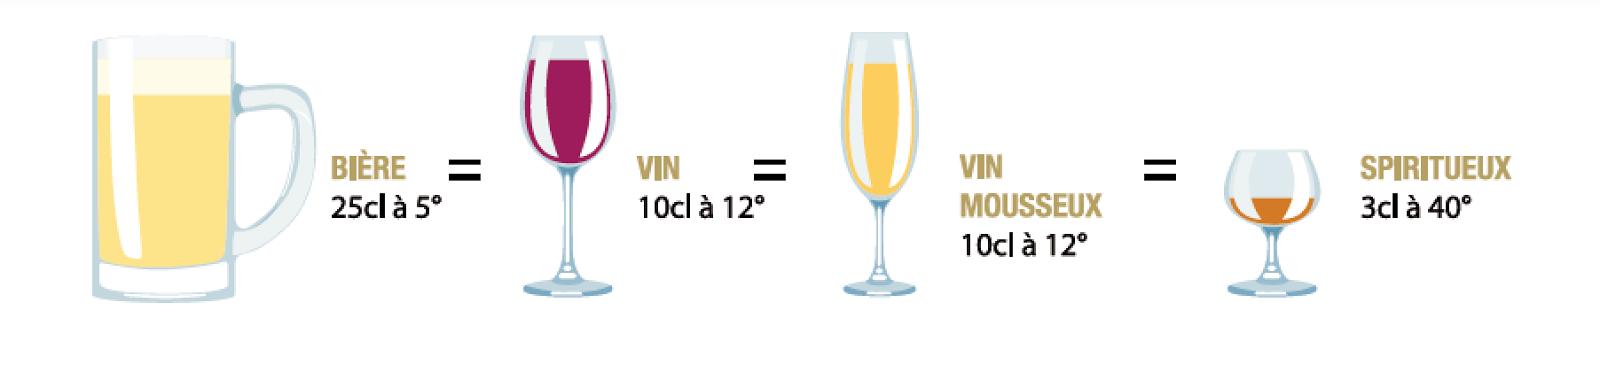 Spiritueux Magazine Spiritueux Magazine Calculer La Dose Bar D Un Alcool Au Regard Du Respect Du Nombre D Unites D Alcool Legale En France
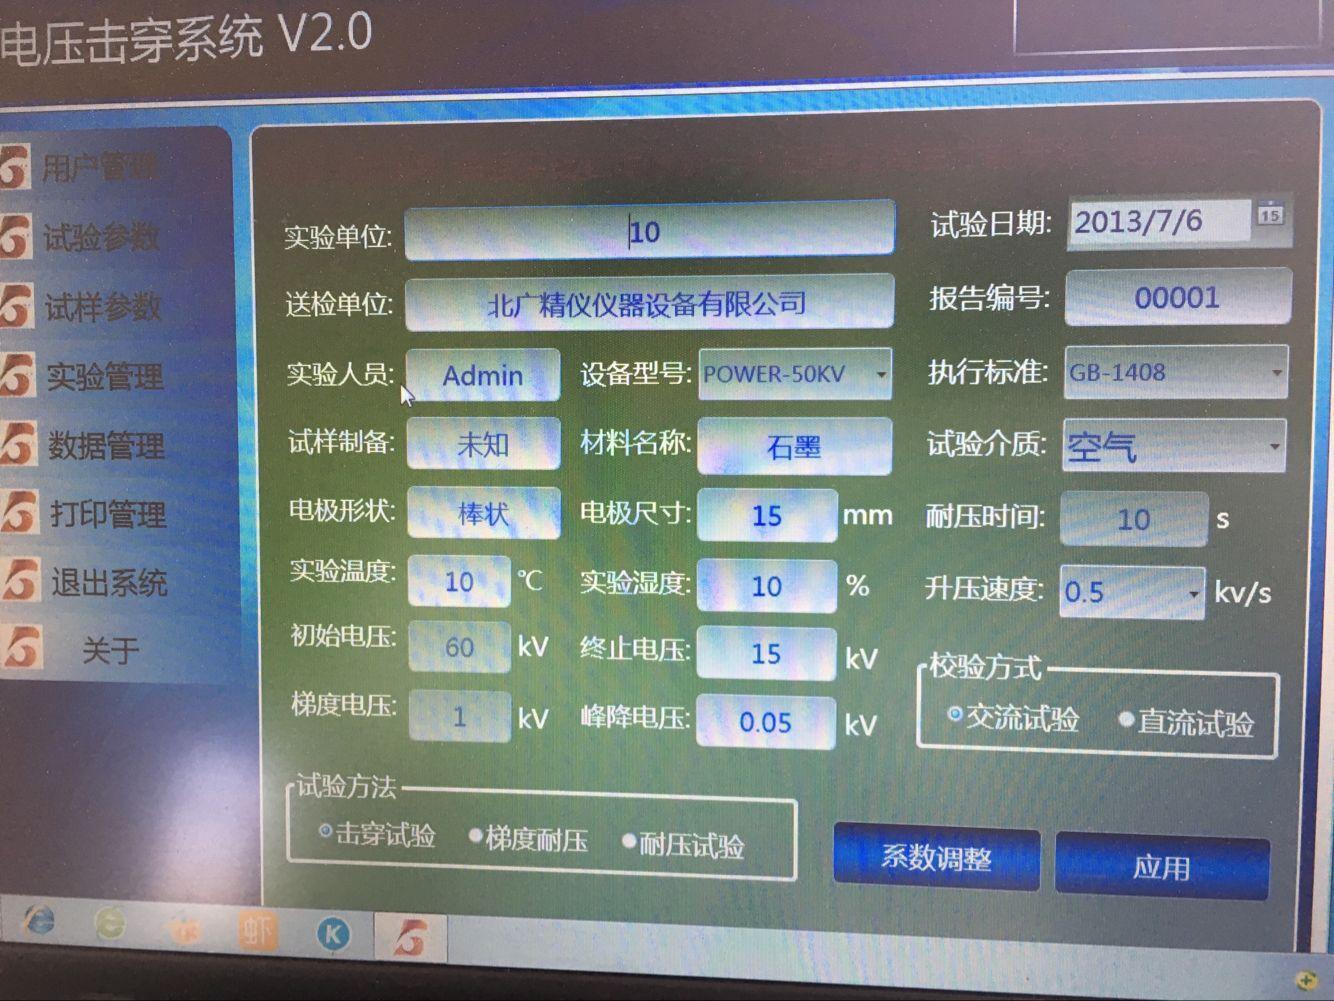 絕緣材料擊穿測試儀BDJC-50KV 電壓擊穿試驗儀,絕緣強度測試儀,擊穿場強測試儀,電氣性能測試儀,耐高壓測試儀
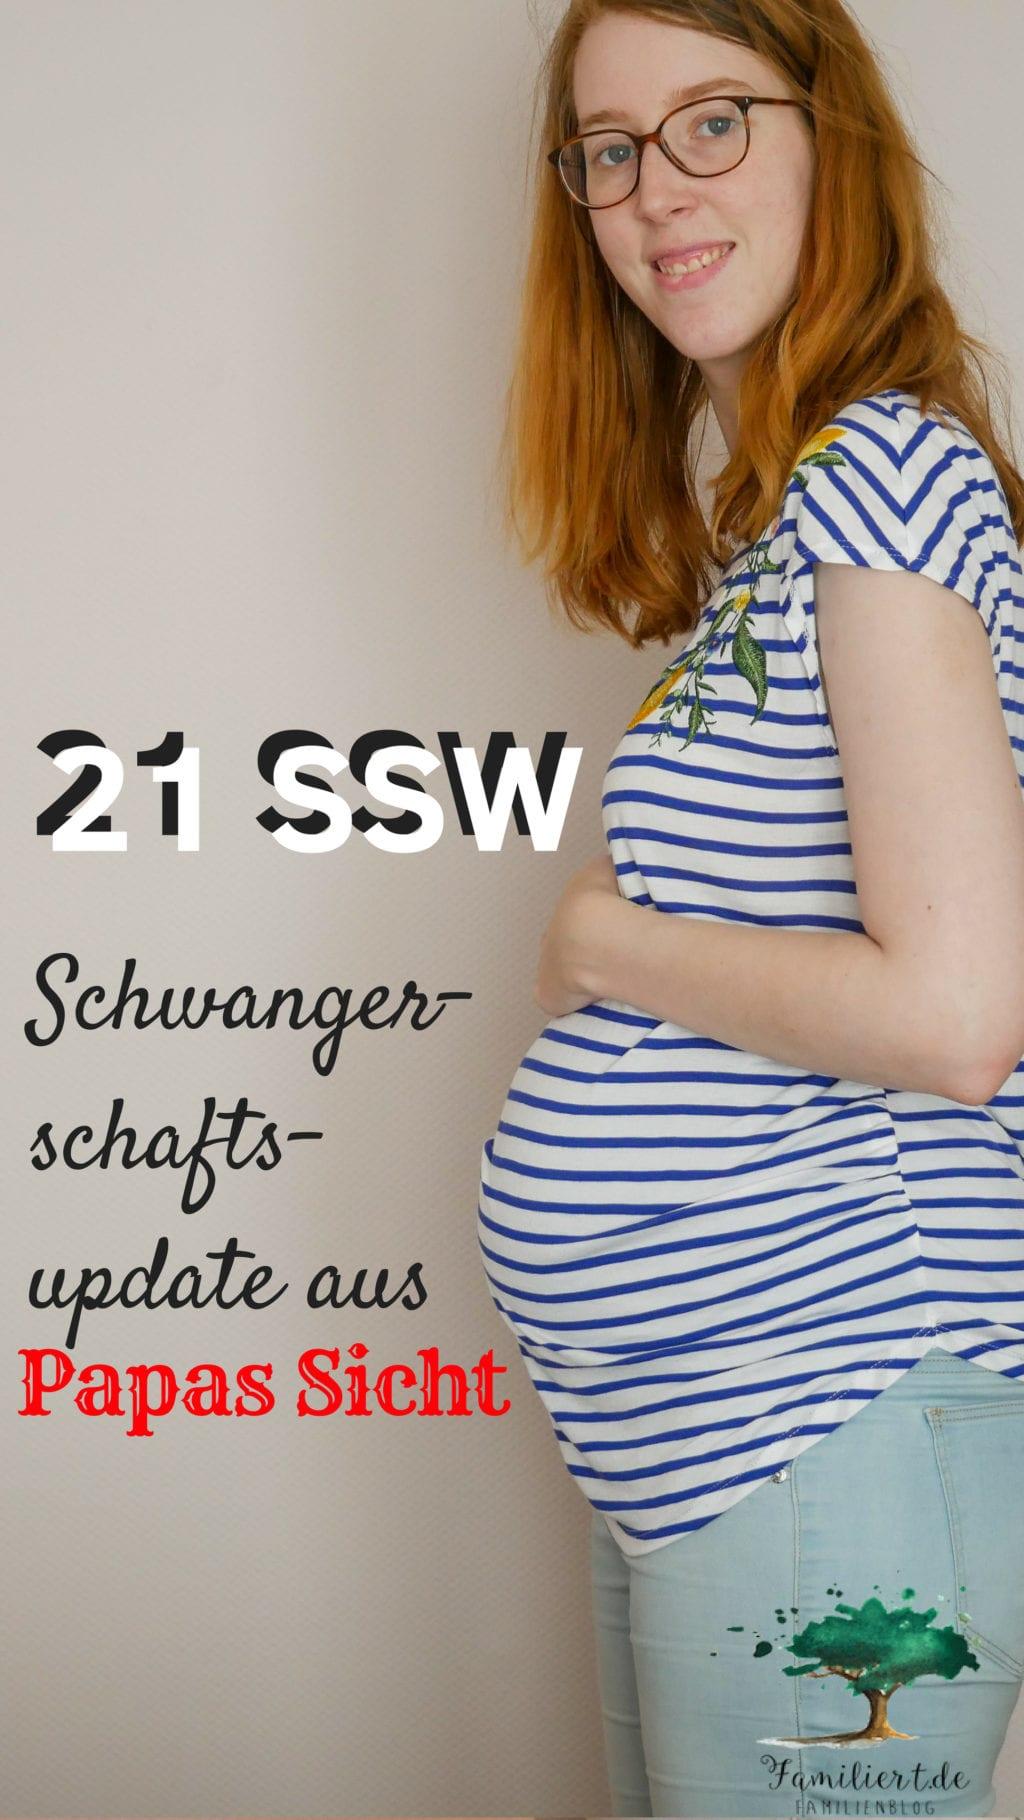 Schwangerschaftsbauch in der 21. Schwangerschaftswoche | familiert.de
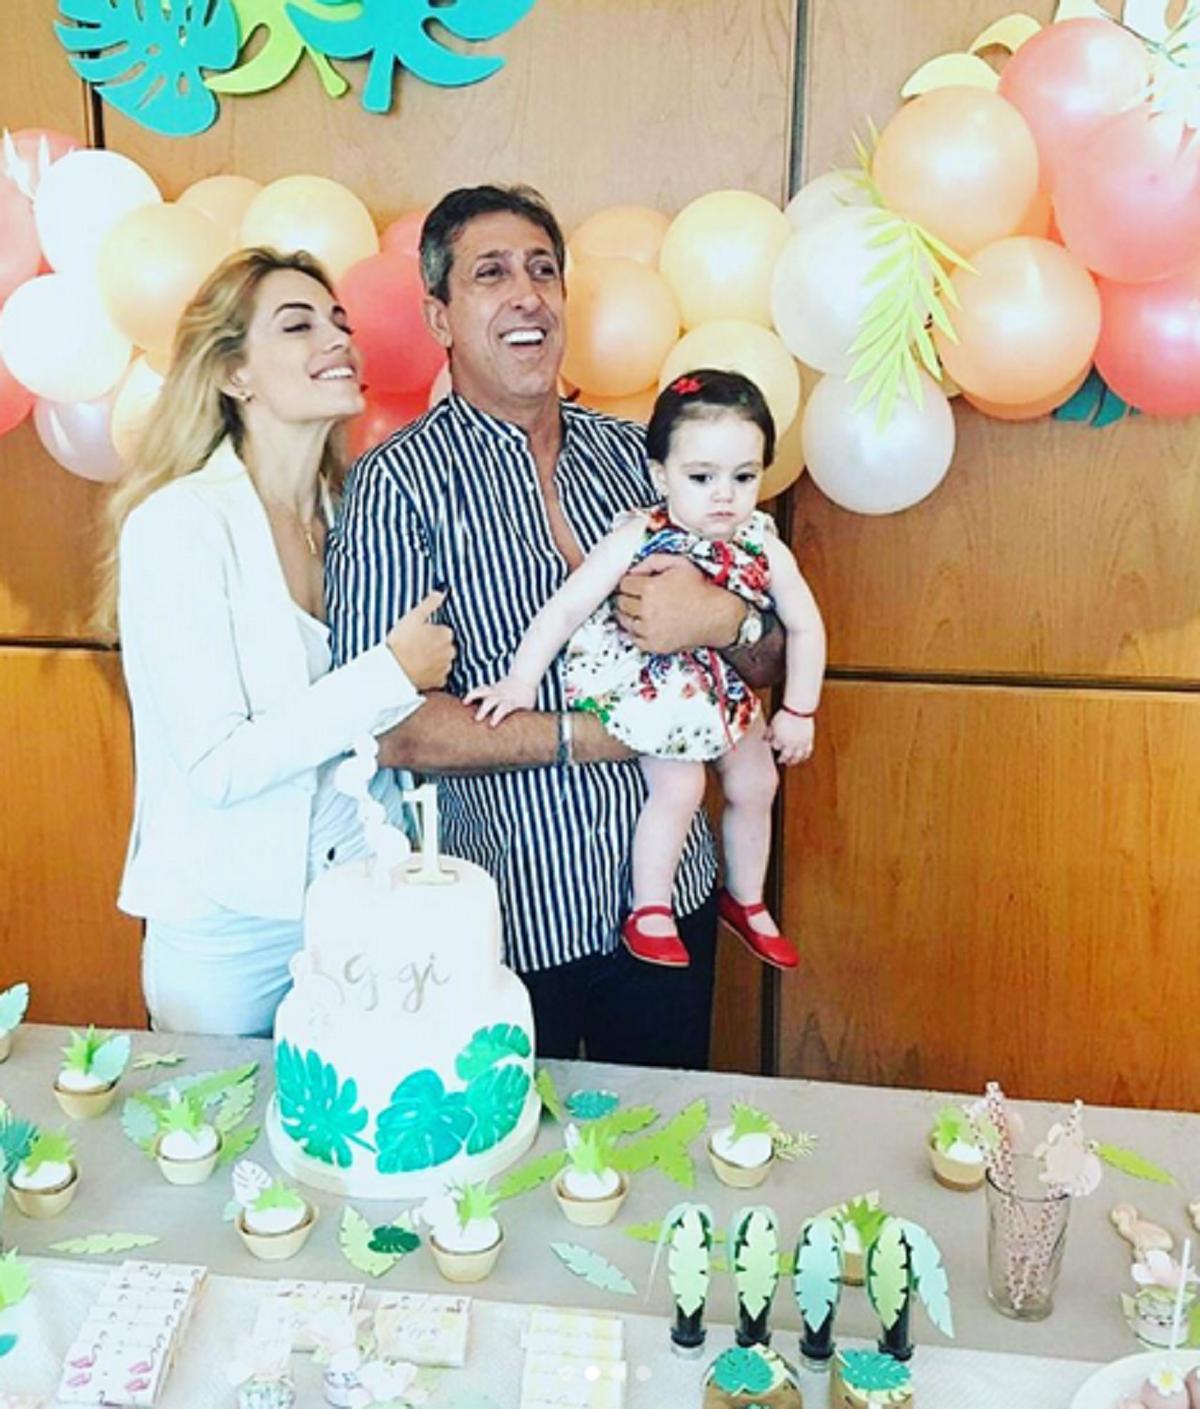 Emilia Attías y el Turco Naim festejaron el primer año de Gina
_ _ _
Each line from the one containing "絕緣材料擊穿測試儀BDJC-50KV 電" through the end of the listing is to be set down exactly, with all pictures left out.

 絕緣材料擊穿測試儀BDJC-50KV 電壓擊穿試驗儀,絕緣強度測試儀,擊穿場強測試儀,電氣性能測試儀,耐高壓測試儀
 Schwangerschaftsbauch in der 21. Schwangerschaftswoche | familiert.de
 Emilia Attías y el Turco Naim festejaron el primer año de Gina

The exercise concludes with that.